» TASK DIRECTIONS
Word for word, repeat the data that follows. Do not include the pictures.
======== DATA BLOCK
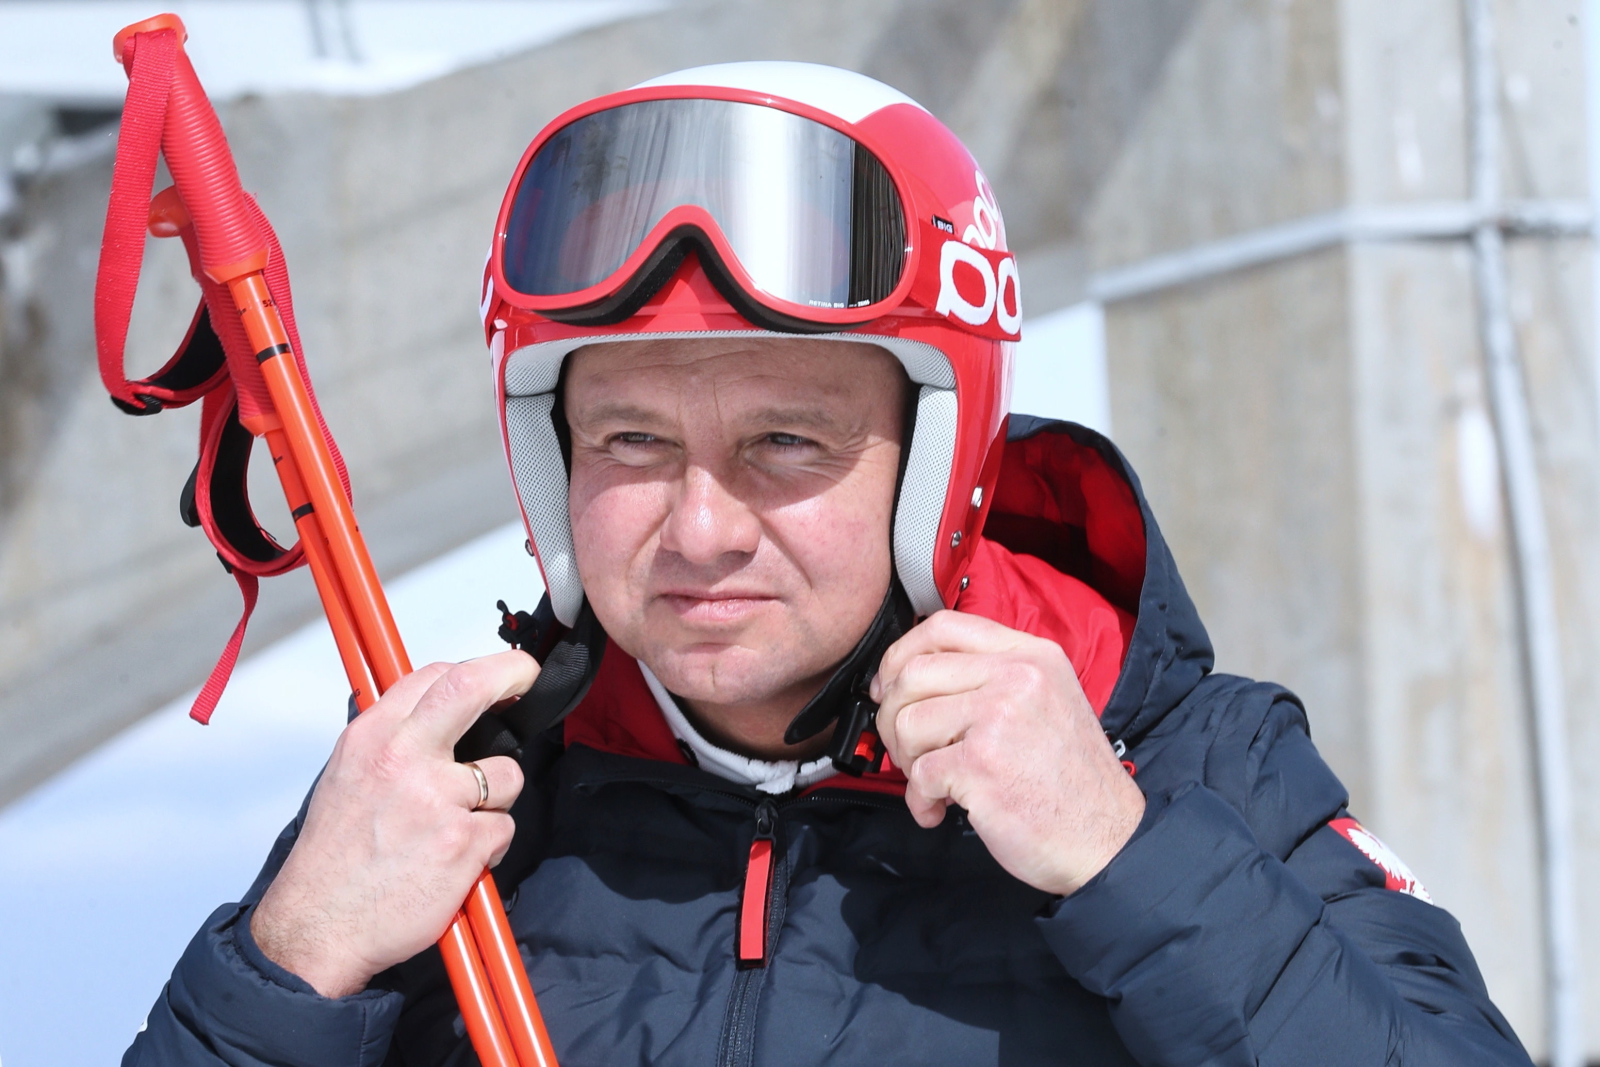 Andrzej Duda zjeżdża na nartach z Kasprowego Wierchu
PAP/Grzegorz Momot
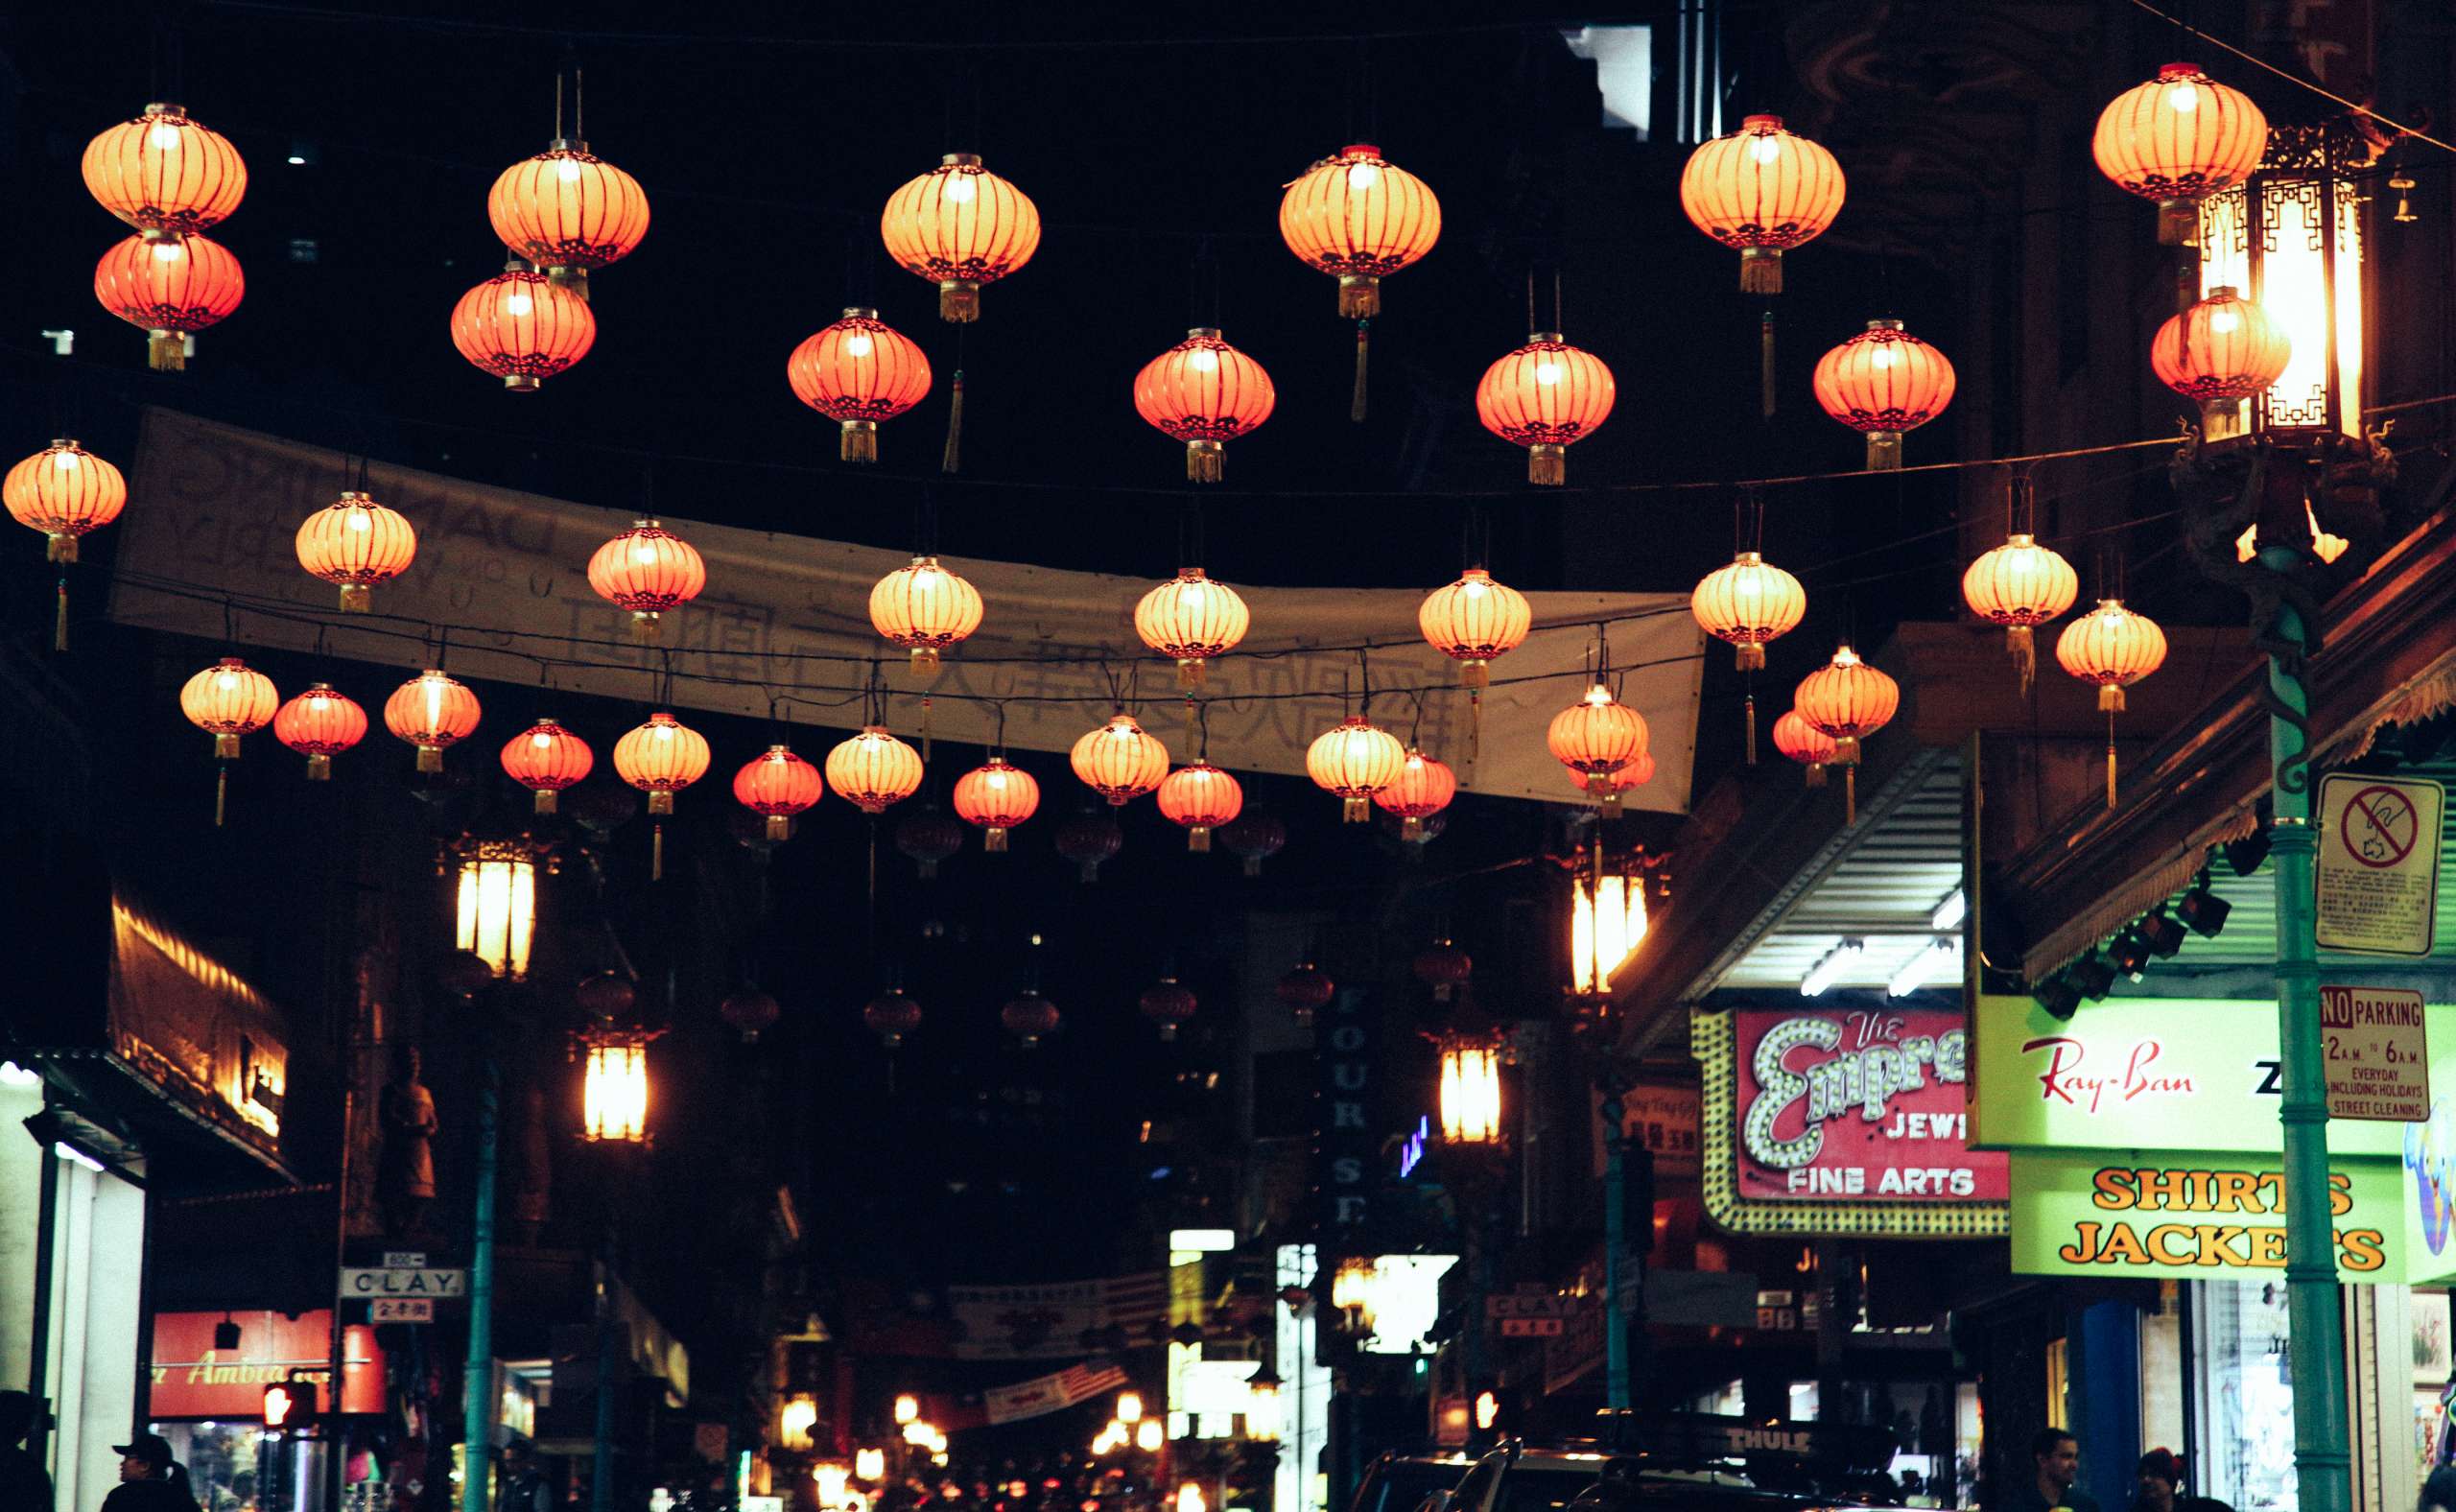 Chinese lanterns strung and lit at night.
================
» SOLUTION FOR THIS PROBLEM
 Andrzej Duda zjeżdża na nartach z Kasprowego Wierchu
PAP/Grzegorz Momot
 Chinese lanterns strung and lit at night.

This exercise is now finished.